Research and Evaluation overview

Our main goal was to compose two functional apps. An Android RTSP-Camera and an Android RTSP-Viewer. Only essential code should be extracted from other projects to provide a working skeleton for further development. Following chronological list of projects displays the most important milestones of our research, evaluation and composition of our own solution.

(0) RTSP Server / Client

  • Real Time Streaming Protocol, or RTSP, is an application-level protocol for control over the delivery of data with real-time properties (http://www.ietf.org/rfc/rfc2326.txt)
  • RTSPClientLib (http://code.google.com/p/rtsplib-java/)

(1) SipDroid (http://code.google.com/p/sipdroid/)

  • Video encoding done through Android Media API: “MediaRecorder” (3GPP / H263-1998)
  • H263-1998 packetizer for RTP
  • Video decoding done through Android Media API: “VideoView” started with a RTSP:// url

(2) SpyDroid (http://code.google.com/p/spydroid-ipcamera/)

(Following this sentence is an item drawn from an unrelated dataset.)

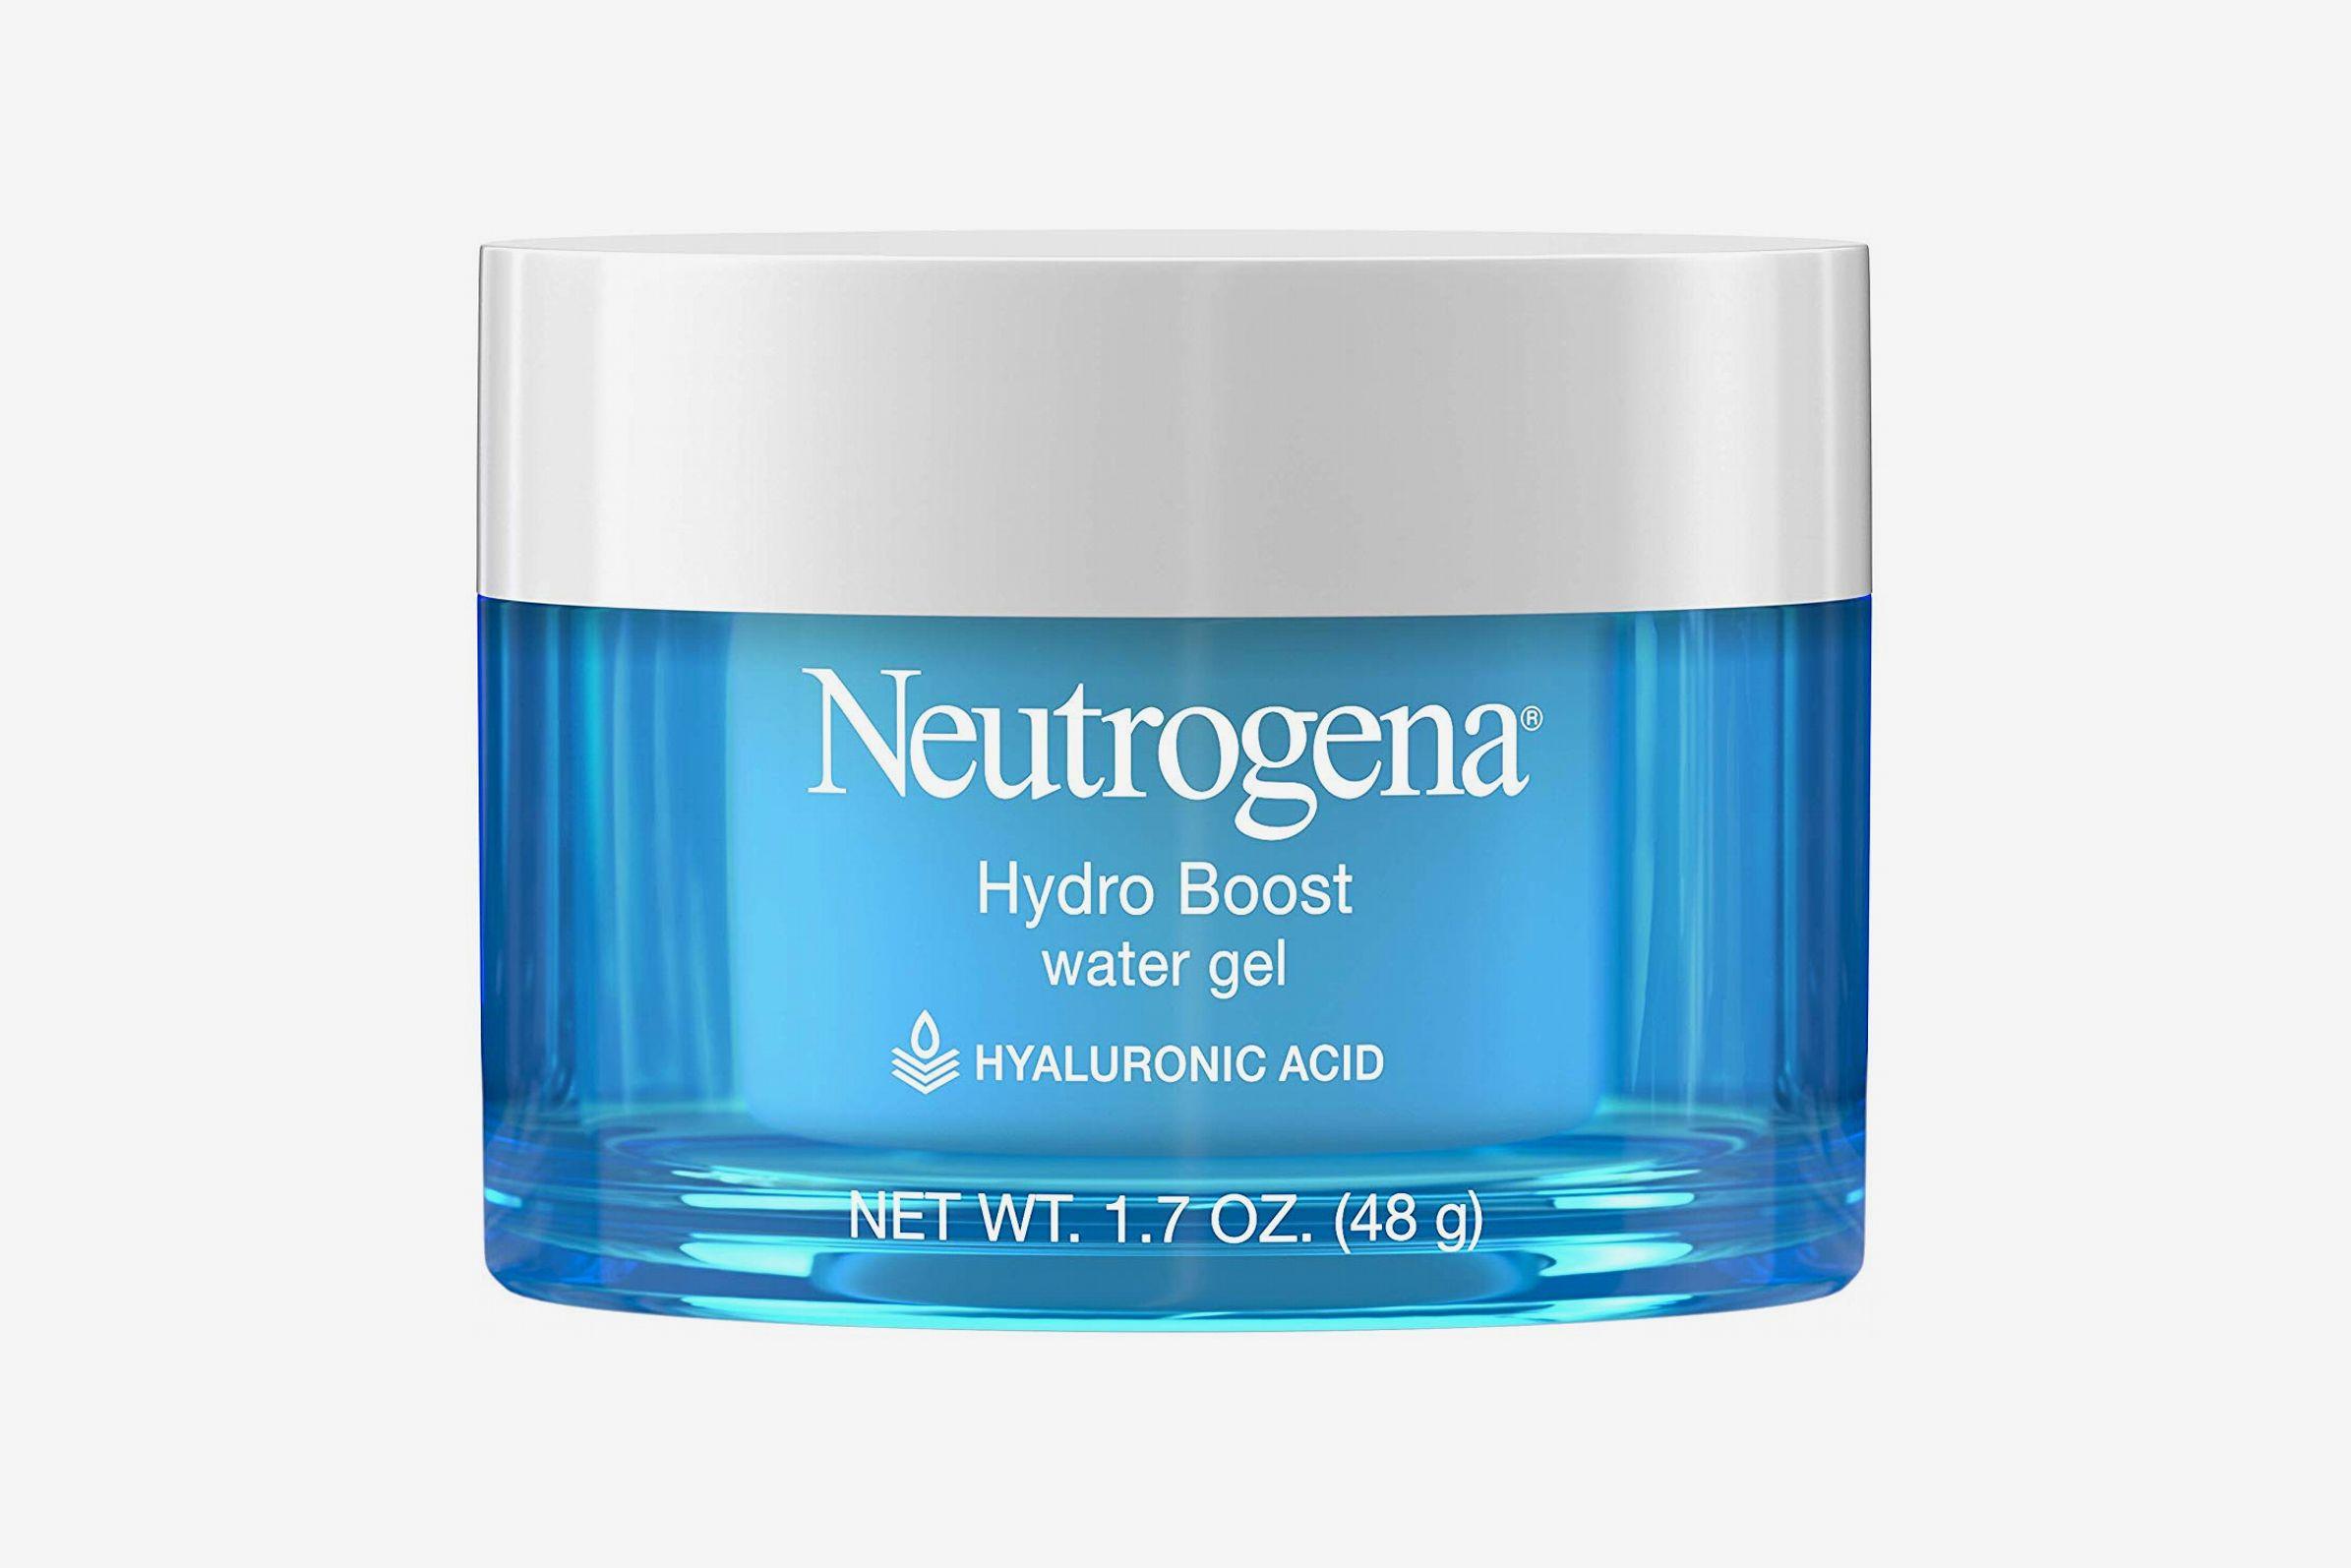 Neutrogena Hydro Boost Hyaluronic Acid Hydrating Water Face Gel Moisturizer for Dry Skin

  • Video encoding done through Android Media API: “MediaRecorder” (3GPP / H264)
  • H264 packetizer for RTP
  • RTP wrapped up with Flash Video (FLV)
  • Video decoding done through Flash Player

(3) IP-Webcam (https://play.google.com/store/apps/details?id=com.pas.webcam)

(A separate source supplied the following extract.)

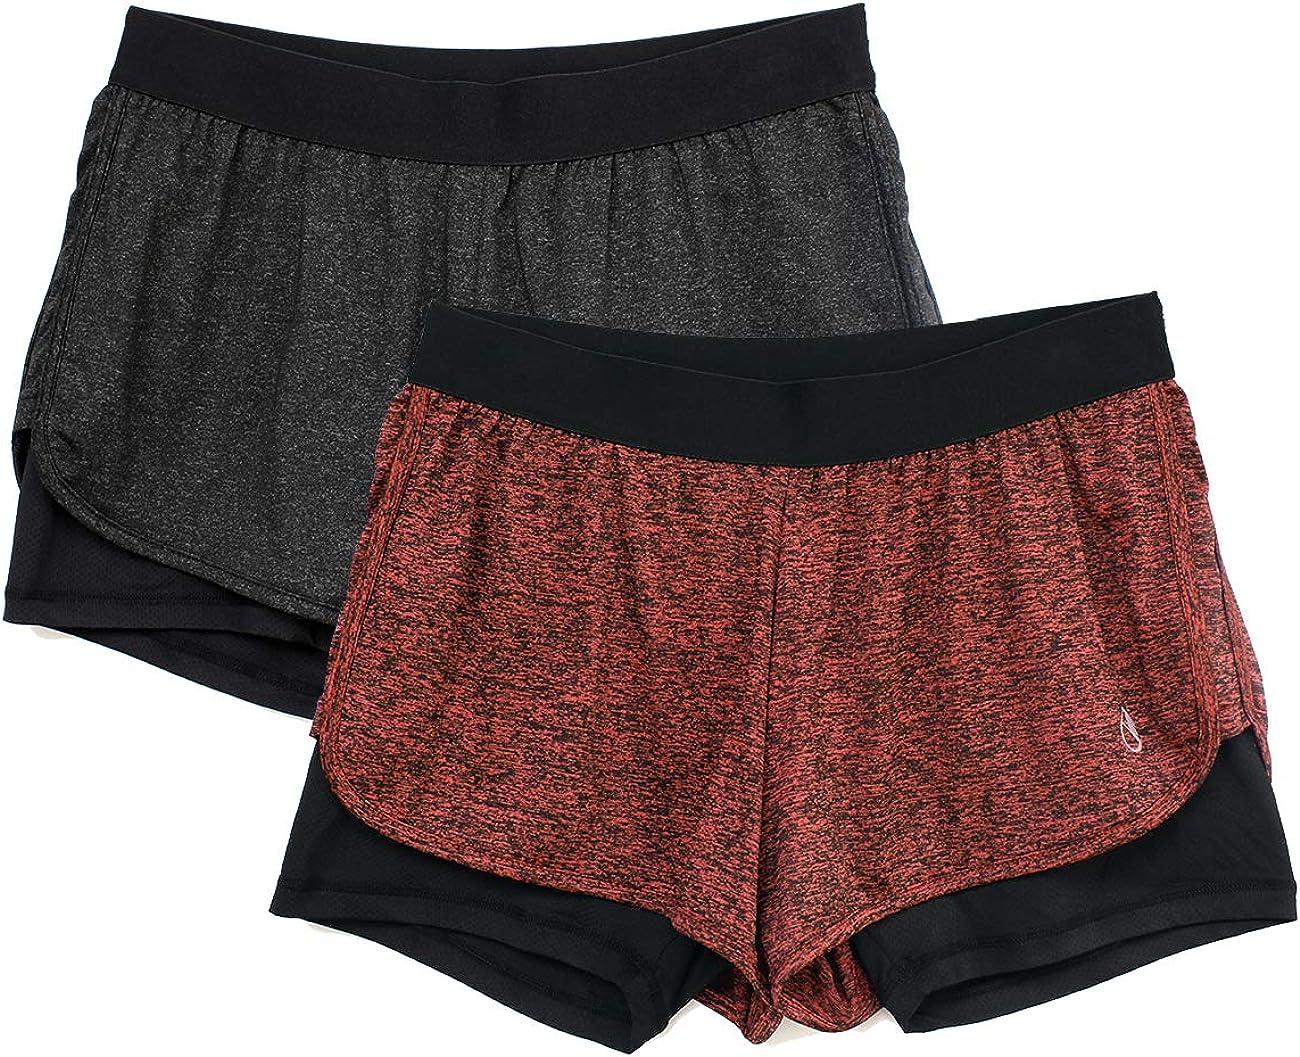 icyzone Damen 2 in 1 Sport Shorts Training Yoga Kurze Hose Laufshorts 2er Pack

  • Closed source but main idea is to send a HTTP based “multipart/x-mixed-replace” stream sending full frame JPEG which can be captured with “onPreviewFrame()” from Android Camera
  • with help of some additional resources a HTTP server, sending the right protocol was a simple task (http://www.damonkohler.com/2010/10/mjpeg-streaming-protocol.html)

(4) IMSDroid (http://code.google.com/p/imsdroid/)

  • Native encoder and decoder provided by a native JNI sub project
  • An IMS (IP Multimedia Subsystem) proof-of-concept spin-off from Doubango project (http://www.doubango.org/)
  • Native packetizer for RTP
  • Native renderer to Android Media API “VideoSurface”

(5) android-rcs-ims-stack (http://code.google.com/p/android-rcs-ims-stack/)

  • Part of RCS-e initiative (http://en.wikipedia.org/wiki/Rich_Communication_Suite#RCS-e)
  • provided and maintained by French Telco “Orange Labs”
  • Native encoder and decoder provided by a native JNI sub project
  • Native renderer to Android Media API “VideoSurface”
  • JNI sub project is directly based on Android internal implementation (PacketVideo OpenCORE, Stagefright), which is hidden from Java APIs. Orange made a small JNI wrapper for their very own use-cases.